Human Trafficking is a multi-billion-dollar criminal industry that denies freedom to 24.9 million people around the world. Due to the nature of this crime, instances of human trafficking are underreported making it difficult to reach those who are in danger.

✰✰✰

JANE’S CAROUSEL REPORTEDLY AMONG SITES FOR SHOFAR ACROSS BROOKLYN: Brooklynites wishing to hear the shofar on Rosh Hashanah, — the Jewish New Year — can visit several outdoor sites around Brooklyn, thanks to the UJA-Federation of New York’s Shofar Across Brooklyn initiative. Shofar Across Brooklyn features more than 20 outdoor locations across the borough where synagogues and local organizations will sound the ancient Biblical instrument, considered to be the only one which has survived to present times, on Tuesday, September 27, at 5 p.m.

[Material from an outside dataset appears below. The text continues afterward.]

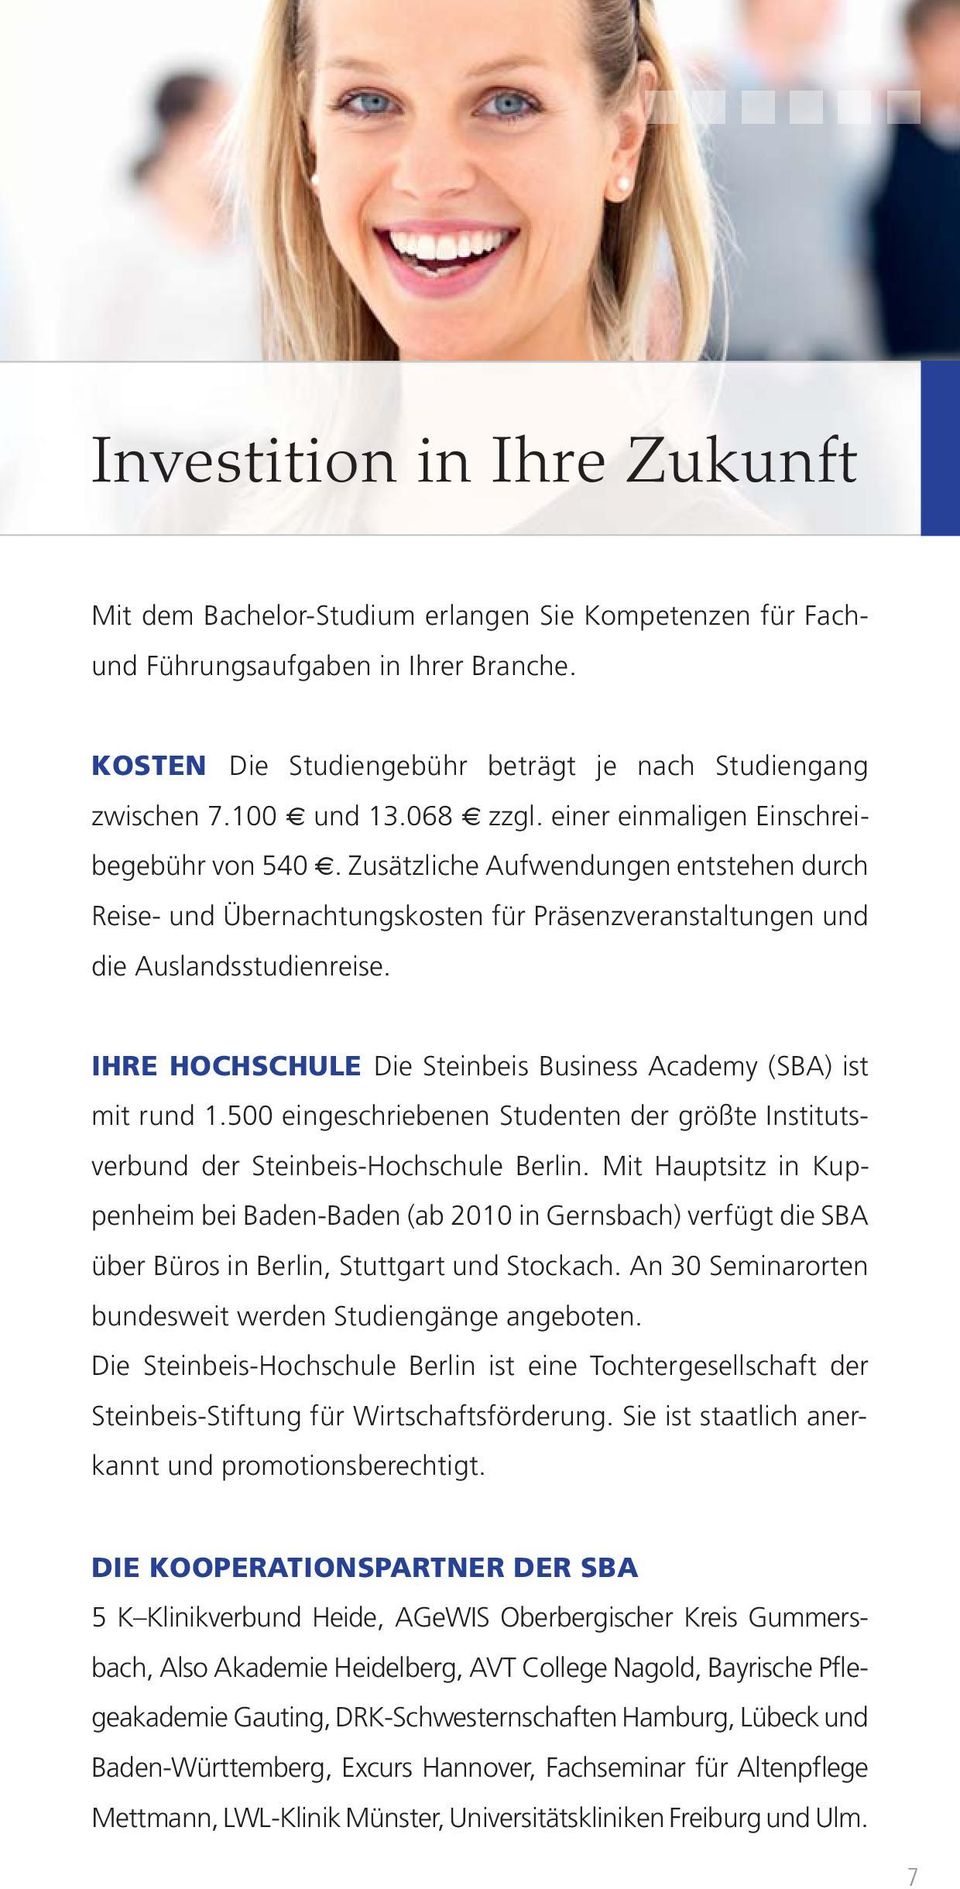 IHRE HOCHSCHULE Die Steinbeis Business Academy (SBA) ist mit rund 1.500 eingeschriebenen Studenten der größte Institutsverbund der Steinbeis-Hochschule Berlin.

Two sites in Downtown Brooklyn are Chabad of Brooklyn Heights, 287 Hicks St. (east side), between Joralemon and State streets, and Chabad’s location at 230 Jay St.; at Cadman Plaza (Lab/Shul); Carroll Park in Carroll Gardens; Cobble Hill Park; and Jane’s Carousel in Brooklyn Bridge Park. Other sites listed on the website, https://www.ujafedny.org/shofar-across-brooklyn

✰✰✰

LITTLE AMAL WILL VISIT LANDMARK GREEN-WOOD CEMETERY: Little Amal, a 12-foot-tall, lifelike puppet of a 10-year-old Syrian refugee girl, who has enthralled Brooklynites this week, will visit the Green-Wood Cemetery this Friday, for a respite. according to announcement from the landmark organization. Her 3:30 p.m. walk-through, which is free and open to the public, will allow Amal to explore the beautiful cemetery grounds as part of an event created by Alexandra Aron for Remote Theater Project and Bangladesh Institute for Performing Arts, and local children vocal ensembles.

Little Amal (see story, elsewhere in this edition) has become an international sensation, having visited a dozen countries since July 2021.